Per Sandro Bondi, invece, Epifani non sa. “Il suo ragionamento continua a svilupparsi sulla base di una logica puramente formale che ignora la sostanza delle questioni che da decenni agitano la vita politica italiana. Senza adottare una visione di carattere storico, secondo una logica di responsabilità nazionale, non usciremo mai dalle secche di una situazione senza vie d’uscita e senza vinti nè vincitori”.

Duro anche il parlamentare Maurizio Bianconi: “Guglielmo Epifani, già segretario generale della Cgil e oggi segretario pro tempore del Pd, ci inonda di sciocchezze. Fra i miei colleghi di partito c’è chi si indigna o chi si arrabbia. Io no. Mi viene sempre in mente la frase di Bettino Craxi: i sindacalisti quando fanno i sindacalisti sono dei grandissimi rompicoglioni, quando entrano in politica restano dei grandissimi coglioni”.
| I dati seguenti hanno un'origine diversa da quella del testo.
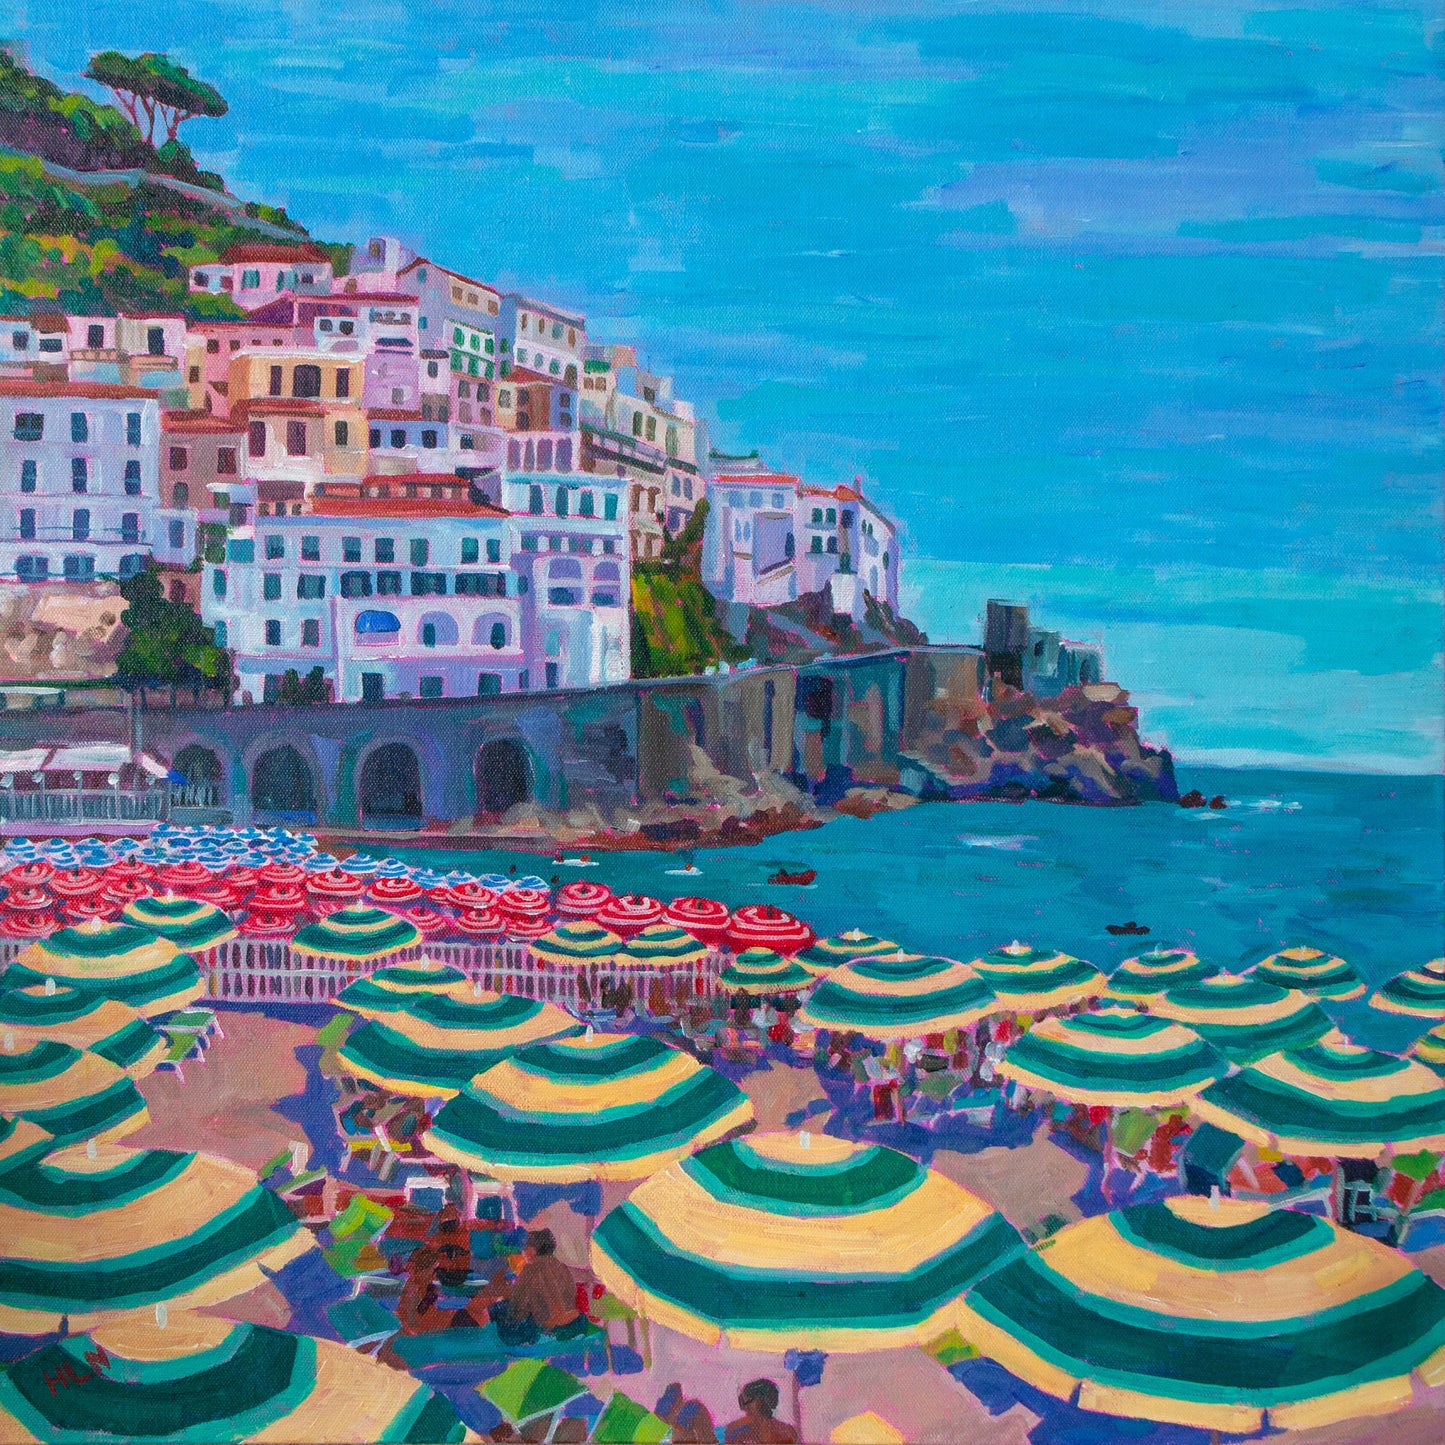 Vibrant painting of the amalfi coast with hillside town and beach umbrellas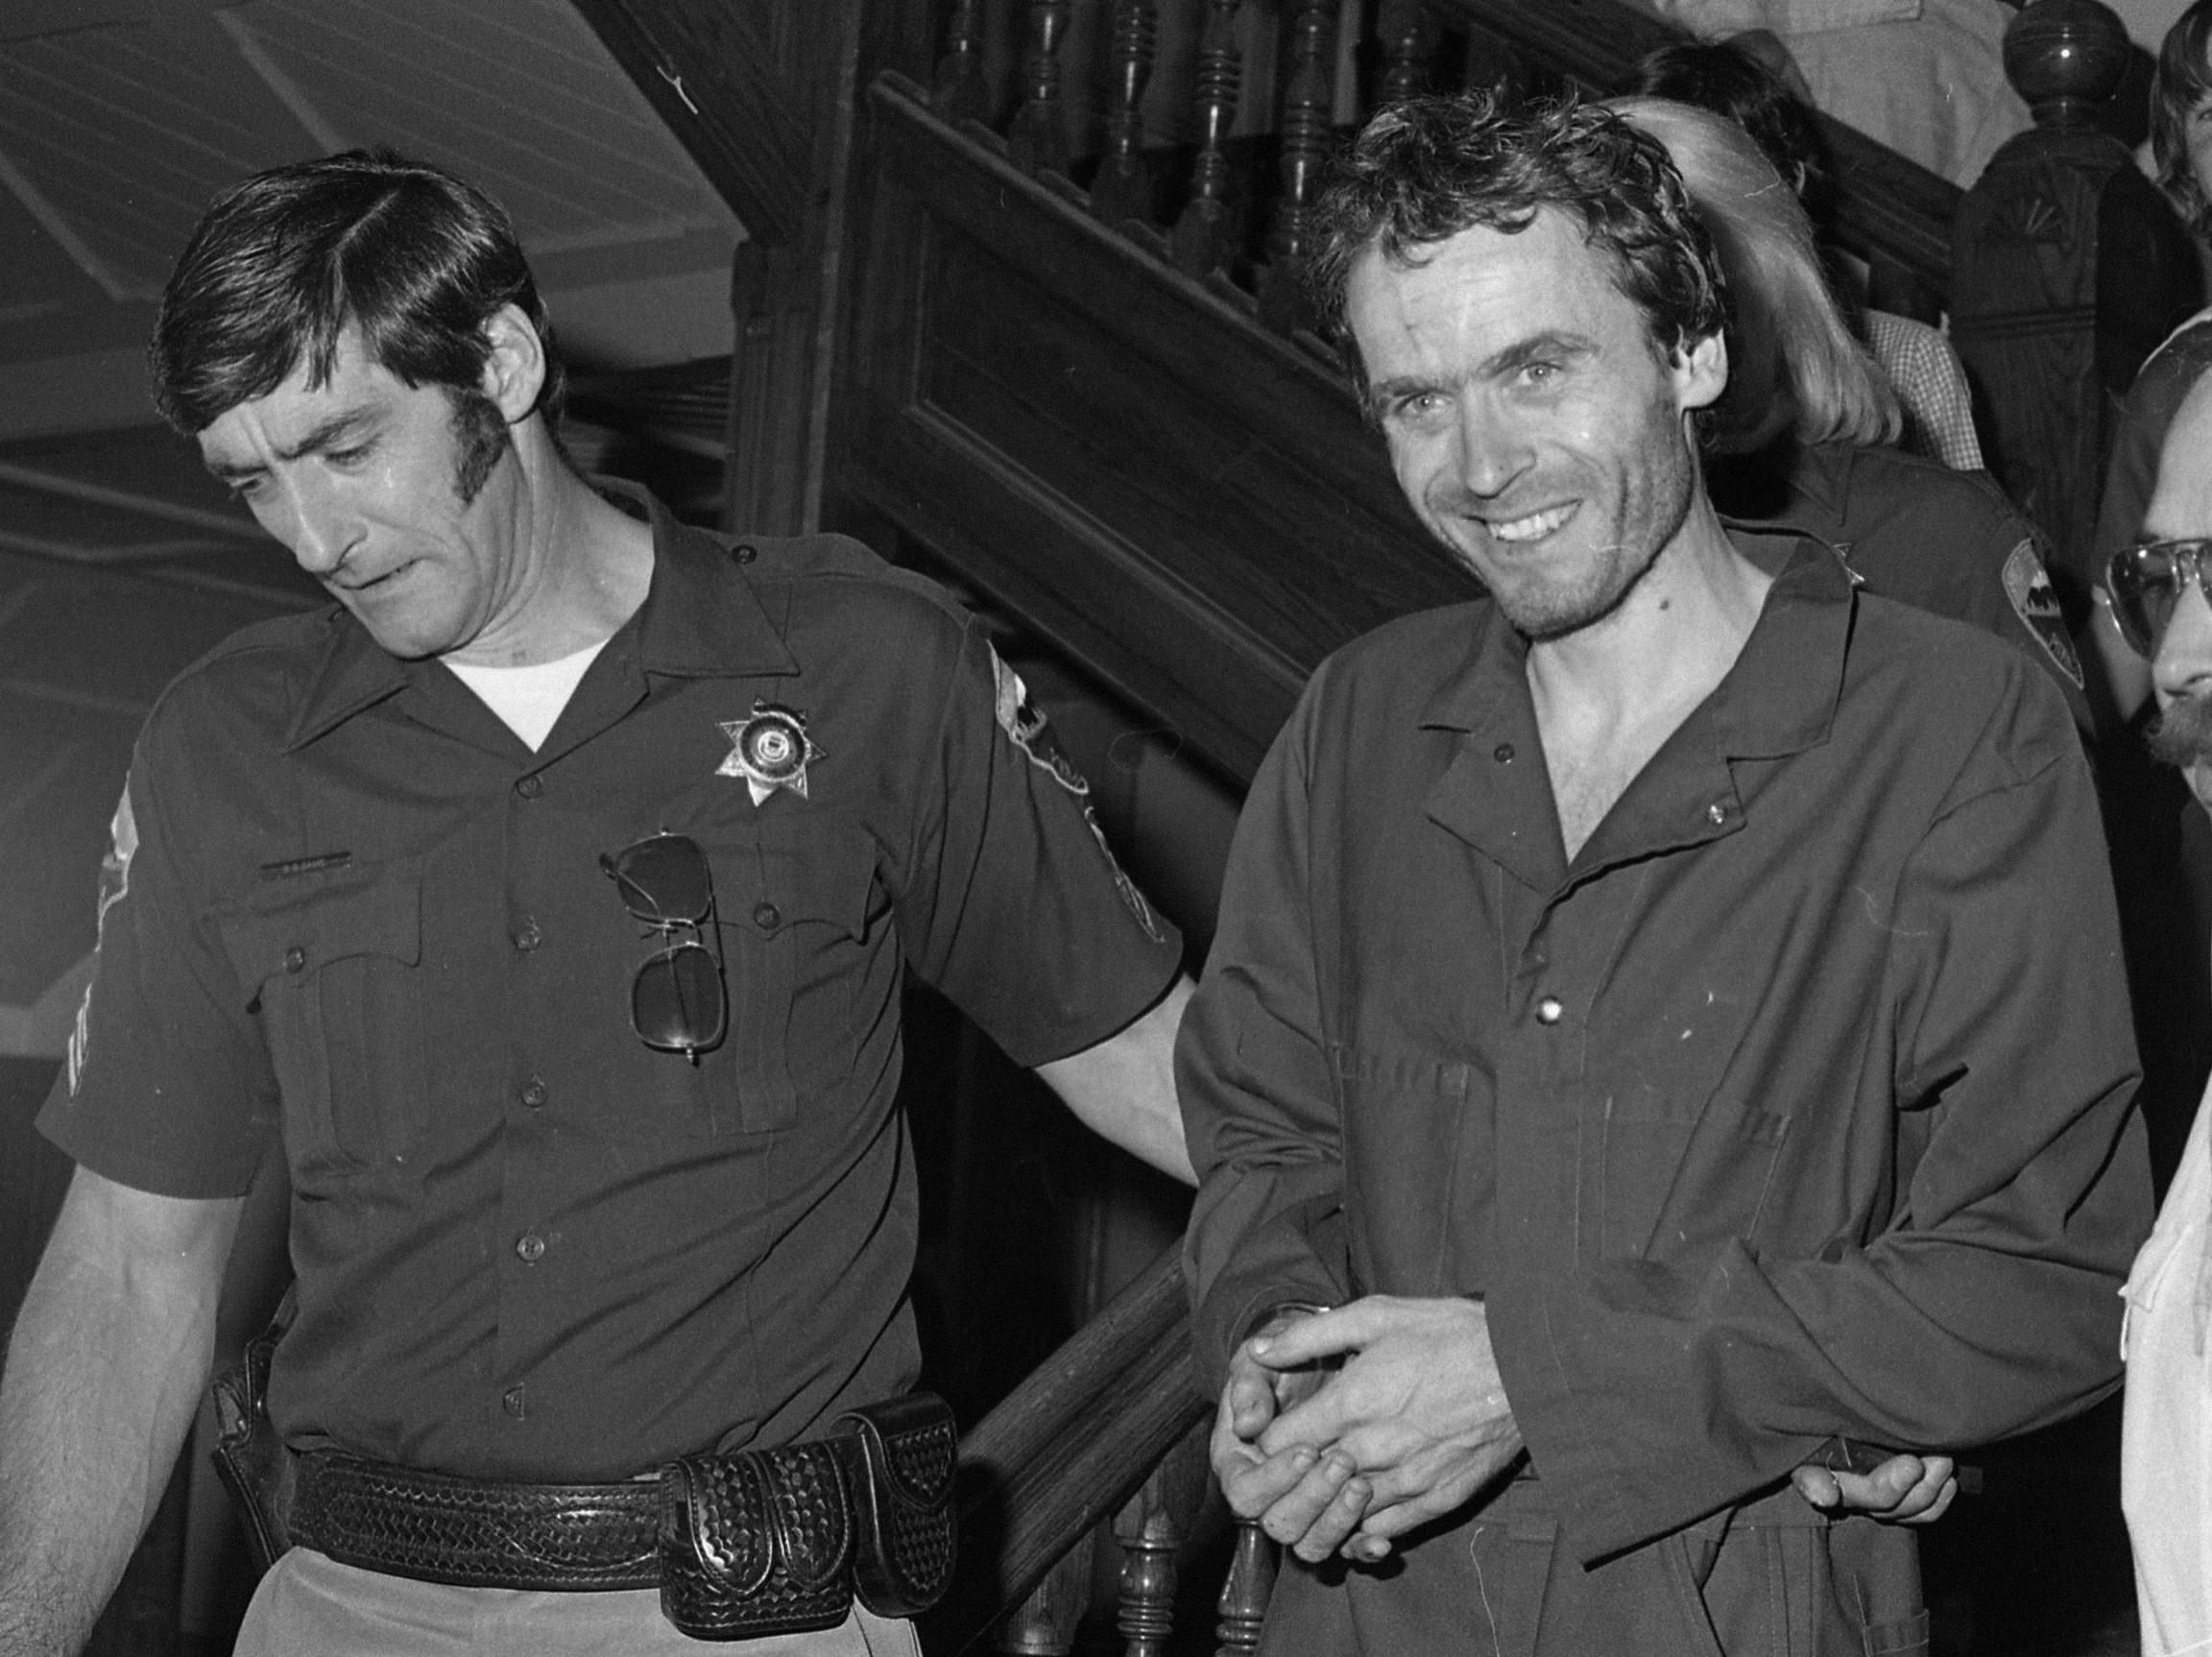 In this 1977 file photo, serial killer Ted Bundy, centre, is escorted out of court at the Pitkin County courthouse, Aspen, Colo. (Ross Dolan/Glenwood Springs Post Independent via AP)

Per Luigi Zanda, simili “attacchi violenti rivolti da una pattuglia di dirigenti del Pdl” al segretario Epifani “tradiscono un eccesso d’ansia e rischiano di avere effetti destabilizzanti proprio in una fase nella quale la stabilità dovrebbe essere un valore preminente”.

Roberto Speranza, presidente dei deputati Pd, invita il Pdl “ad abbassare i toni e a evitare assurdi e del tutto inopportuni attacchi a Guglielmo Epifani” ricordando che il segretario “ha affermato una verità molto semplice: che in uno stato democratico tutti i cittadini sono uguali davanti alla legge e che le sentenze vanno rispettate, anche se sono scomode”.

Sulla stessa linea Davide Zoggia, responsabile organizzazione del Pd: “Le reazioni scomposte e incivili del Pdl all’intervista di Epifani sono inaccettabili. Il principio di legalità deve essere difeso, non messo in discussione. Questo, con buona pace di chi oggi pare dimenticarsene, è un fondamento della democrazia”.

Plauso a Epifani da Anna Finocchiaro. “Difendere il principio di legalità non è né una provocazione, né un calcio alla stabilità” afferma la presidente Pd della Commissione Affari costituzionali del Senato, “In una democrazia, di fronte alla legge, non ci sono cittadini di serie A o di serie B. Credo che il Pdl sia consapevole di questa ovvietà. Penso che, in queste difficili giornate, sarebbe il caso di abbassare i toni. I principi democratici, che sono sostanza e non solo forma, valgono per tutti”.

Mentre Marina Sereni, vicepresidente della Camera,sottoninea che è “assurdo che si scateni una polemica sulle parole del segretario del Pd Epifani quando dice che le sentenze vanno rispettate e che la legalità  è un principio irrinunciabile.